> **Exercise details**: Your output must consist solely of the lines from the one containing "Assistant Professor Sarah Lowe" through the end of the records, reproduced exactly.

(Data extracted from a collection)
BEGIN
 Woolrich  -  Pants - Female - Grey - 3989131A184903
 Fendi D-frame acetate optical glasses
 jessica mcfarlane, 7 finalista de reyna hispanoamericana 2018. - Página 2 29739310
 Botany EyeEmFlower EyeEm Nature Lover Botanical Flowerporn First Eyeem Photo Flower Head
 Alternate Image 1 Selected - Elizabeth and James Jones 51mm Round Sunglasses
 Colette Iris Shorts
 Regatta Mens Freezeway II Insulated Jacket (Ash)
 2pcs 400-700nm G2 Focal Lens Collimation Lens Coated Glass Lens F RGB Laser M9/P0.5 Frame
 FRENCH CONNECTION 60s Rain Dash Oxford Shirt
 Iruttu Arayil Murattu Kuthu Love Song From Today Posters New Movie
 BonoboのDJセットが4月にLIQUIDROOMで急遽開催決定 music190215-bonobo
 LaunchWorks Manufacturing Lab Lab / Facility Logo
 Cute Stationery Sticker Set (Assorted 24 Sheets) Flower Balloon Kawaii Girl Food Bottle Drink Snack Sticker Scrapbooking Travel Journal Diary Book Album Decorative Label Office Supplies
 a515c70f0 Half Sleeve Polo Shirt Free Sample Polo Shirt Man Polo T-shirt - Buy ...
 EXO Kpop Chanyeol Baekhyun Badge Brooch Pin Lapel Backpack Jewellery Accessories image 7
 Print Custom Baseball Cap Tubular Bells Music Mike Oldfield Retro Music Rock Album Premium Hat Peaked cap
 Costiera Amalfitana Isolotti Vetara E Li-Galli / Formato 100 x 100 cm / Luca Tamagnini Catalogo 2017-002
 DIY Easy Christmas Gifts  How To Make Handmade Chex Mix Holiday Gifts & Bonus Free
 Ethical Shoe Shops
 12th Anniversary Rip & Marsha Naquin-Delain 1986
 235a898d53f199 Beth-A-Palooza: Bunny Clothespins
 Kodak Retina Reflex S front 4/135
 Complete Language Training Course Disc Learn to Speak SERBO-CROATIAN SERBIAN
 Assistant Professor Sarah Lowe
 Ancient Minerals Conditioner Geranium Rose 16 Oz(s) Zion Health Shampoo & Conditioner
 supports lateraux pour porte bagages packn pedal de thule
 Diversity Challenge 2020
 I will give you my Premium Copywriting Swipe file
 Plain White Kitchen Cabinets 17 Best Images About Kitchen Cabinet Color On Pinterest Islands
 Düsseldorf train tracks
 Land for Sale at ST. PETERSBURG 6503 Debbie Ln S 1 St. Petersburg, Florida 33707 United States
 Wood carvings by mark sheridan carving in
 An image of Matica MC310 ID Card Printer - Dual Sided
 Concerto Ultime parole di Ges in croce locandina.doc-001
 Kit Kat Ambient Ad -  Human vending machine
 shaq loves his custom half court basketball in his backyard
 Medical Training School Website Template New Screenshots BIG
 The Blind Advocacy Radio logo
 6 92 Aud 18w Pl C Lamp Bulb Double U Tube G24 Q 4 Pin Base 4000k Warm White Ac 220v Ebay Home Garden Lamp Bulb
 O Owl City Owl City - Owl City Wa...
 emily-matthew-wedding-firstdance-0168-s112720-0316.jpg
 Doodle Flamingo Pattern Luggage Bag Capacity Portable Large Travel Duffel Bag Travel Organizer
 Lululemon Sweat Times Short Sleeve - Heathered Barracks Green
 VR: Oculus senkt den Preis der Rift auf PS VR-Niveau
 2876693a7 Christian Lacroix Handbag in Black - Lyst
END
> **Exercise response**:
 Assistant Professor Sarah Lowe
 Ancient Minerals Conditioner Geranium Rose 16 Oz(s) Zion Health Shampoo & Conditioner
 supports lateraux pour porte bagages packn pedal de thule
 Diversity Challenge 2020
 I will give you my Premium Copywriting Swipe file
 Plain White Kitchen Cabinets 17 Best Images About Kitchen Cabinet Color On Pinterest Islands
 Düsseldorf train tracks
 Land for Sale at ST. PETERSBURG 6503 Debbie Ln S 1 St. Petersburg, Florida 33707 United States
 Wood carvings by mark sheridan carving in
 An image of Matica MC310 ID Card Printer - Dual Sided
 Concerto Ultime parole di Ges in croce locandina.doc-001
 Kit Kat Ambient Ad -  Human vending machine
 shaq loves his custom half court basketball in his backyard
 Medical Training School Website Template New Screenshots BIG
 The Blind Advocacy Radio logo
 6 92 Aud 18w Pl C Lamp Bulb Double U Tube G24 Q 4 Pin Base 4000k Warm White Ac 220v Ebay Home Garden Lamp Bulb
 O Owl City Owl City - Owl City Wa...
 emily-matthew-wedding-firstdance-0168-s112720-0316.jpg
 Doodle Flamingo Pattern Luggage Bag Capacity Portable Large Travel Duffel Bag Travel Organizer
 Lululemon Sweat Times Short Sleeve - Heathered Barracks Green
 VR: Oculus senkt den Preis der Rift auf PS VR-Niveau
 2876693a7 Christian Lacroix Handbag in Black - Lyst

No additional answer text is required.